The distance between the struck side dummies and the sidewalls influenced the injury measures. The interior trim profile of the E350 created an irregular profile and gap which allowed the dummy to accelerate and pivot, prior to striking the adjacent window. In the MFAB, the dummies were resting against the flat profile of the sidewall immediately prior to the crash. The outward motions of the heads were stopped by the rigid frames centered across each window in the MFAB.
In a real collision, the positions of the occupants at the moment of impact depend on their initial posture and the vehicle manoeuvres that take place just prior to the impact. Any behaviour or vehicle motion that causes the occupants to distance themselves from the surface they will eventually collide with during the crash, increases their risk of injury by allowing them to accelerate prior to hitting the surface. Also, since the window frames in the MFAB are not protected with energy absorbing materials, the risk of injury to the head during a collision involving human occupants exists.
All of the dummies placed across the aisle from the impact point in both the E350 and the MFAB slipped out of the shoulder belts. In the E350, spacing between adjacent occupants was sufficiently constrained so that the far side dummies collided with the struck side dummies. In the MFAB the small female dummies either slid into the aisle or were catapulted into the aisle. The mid size male dummy in the MFAB crossed the aisle and collided with the struck side dummy. The dummy responses suggest that for human passengers exposed to these conditions there would be a risk of moderate to severe head injury and a risk of serious seat belt related injuries for all those seated on the far side of the impact, in both struck vehicles.
The results of the paired crash tests are comparable to side impact testing of other motor vehicles conducted by Transport Canada. As previously mentioned, the severity of the tests was substantially greater than the severity of tests that are conducted for regulatory compliance and consumer safety rating side impact protection programs. The effects on the dummy occupants were significant in both cases and so there will be no further testing at more severe conditions.
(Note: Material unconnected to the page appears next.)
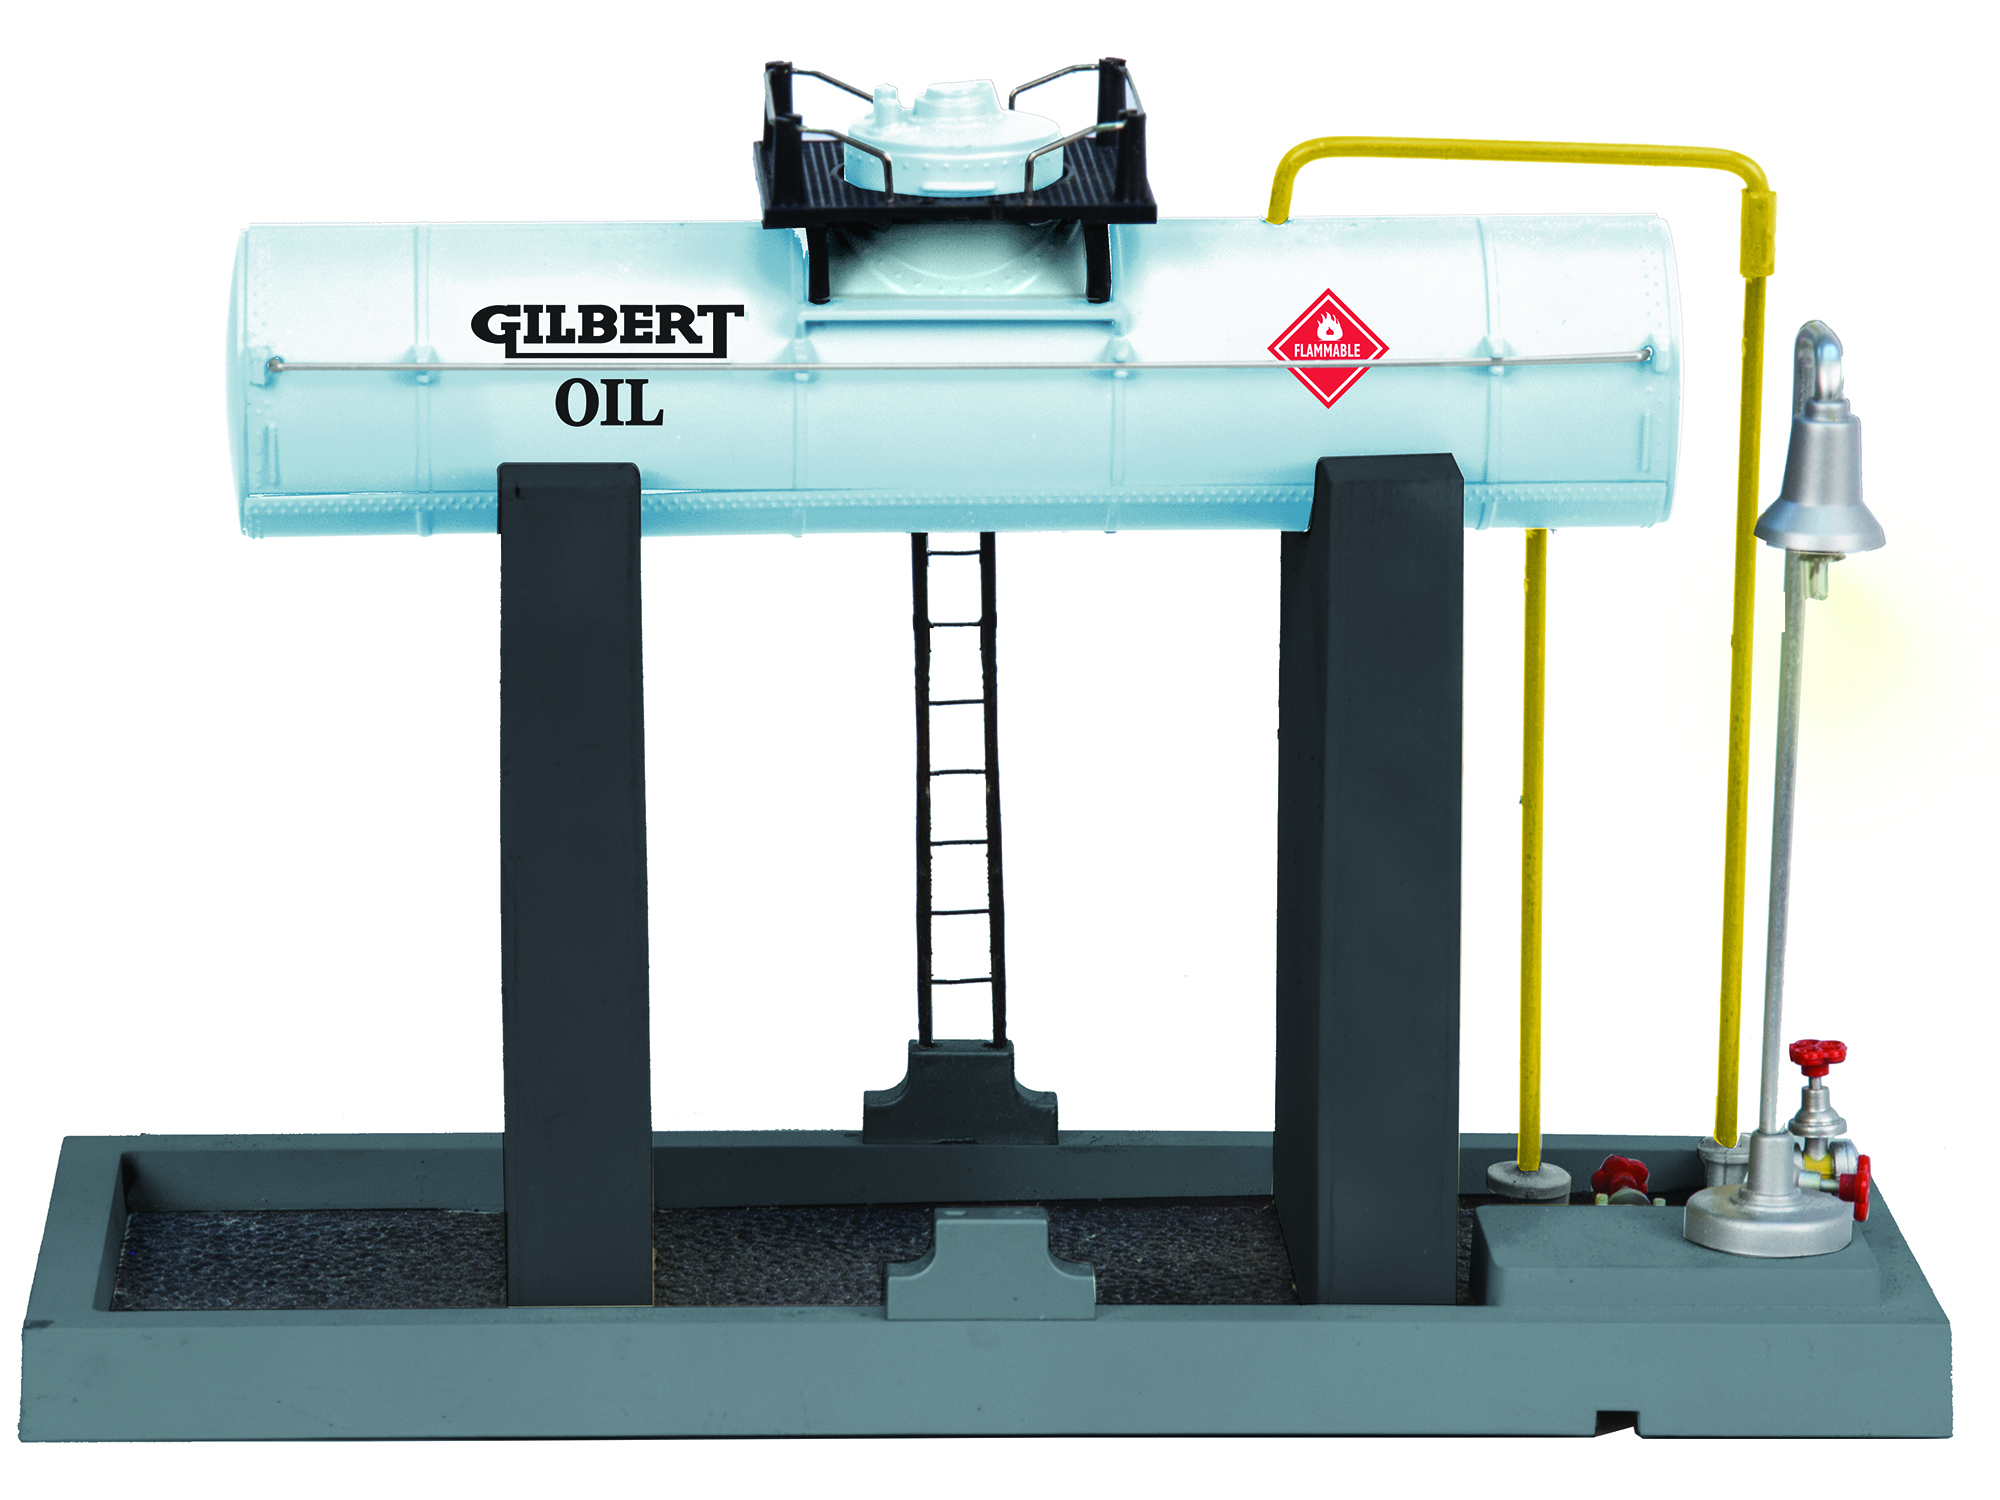 S AF Elevated Gilbert Oil Tank

The testing conducted by Transport Canada represents very specific combinations of vehicle models, speed at time of impact, dummies used, seating configuration, etc. The results do not lend themselves to generalization on how the same vehicle models would behave under different testing conditions or how different vehicles (other models of 15 passenger vans, MFABs) would behave under the same (or different) testing conditions. Therefore, Transport Canada does not draw any general conclusions concerning the crashworthiness of 15 passenger vans nor the MFAB types of vehicles.
A known countermeasure that can reduce the risk of head injury for struck side occupants is inflatable curtain technology. The countermeasures to limit occupant ejection from the shoulder portion of the seat belt and prevent subsequent occupant to occupant contact in all types of passenger vehicles, are still under development by industry and other parties. Potential candidate measures may include improved designs of restraints and seats, and the introduction of in-board side airbags.
As part of its regulatory program, Transport Canada will continue to assess the applicability of countermeasures for the protection of occupants of light-duty vehicles in general, during side impact collisions. This will be undertaken in the context of the Canada-U.S. Regulatory Cooperation Council and the activities thereunder.
1 See http://edocket.access.gpo.gov/2003/pdf/03-25360.pdf for more information
2 An Automated Steering Controller is a computer-controlled device that replaces the steering wheel on a test vehicle. It allows for complex steering manoeuvres to be executed and repeated with a high precision.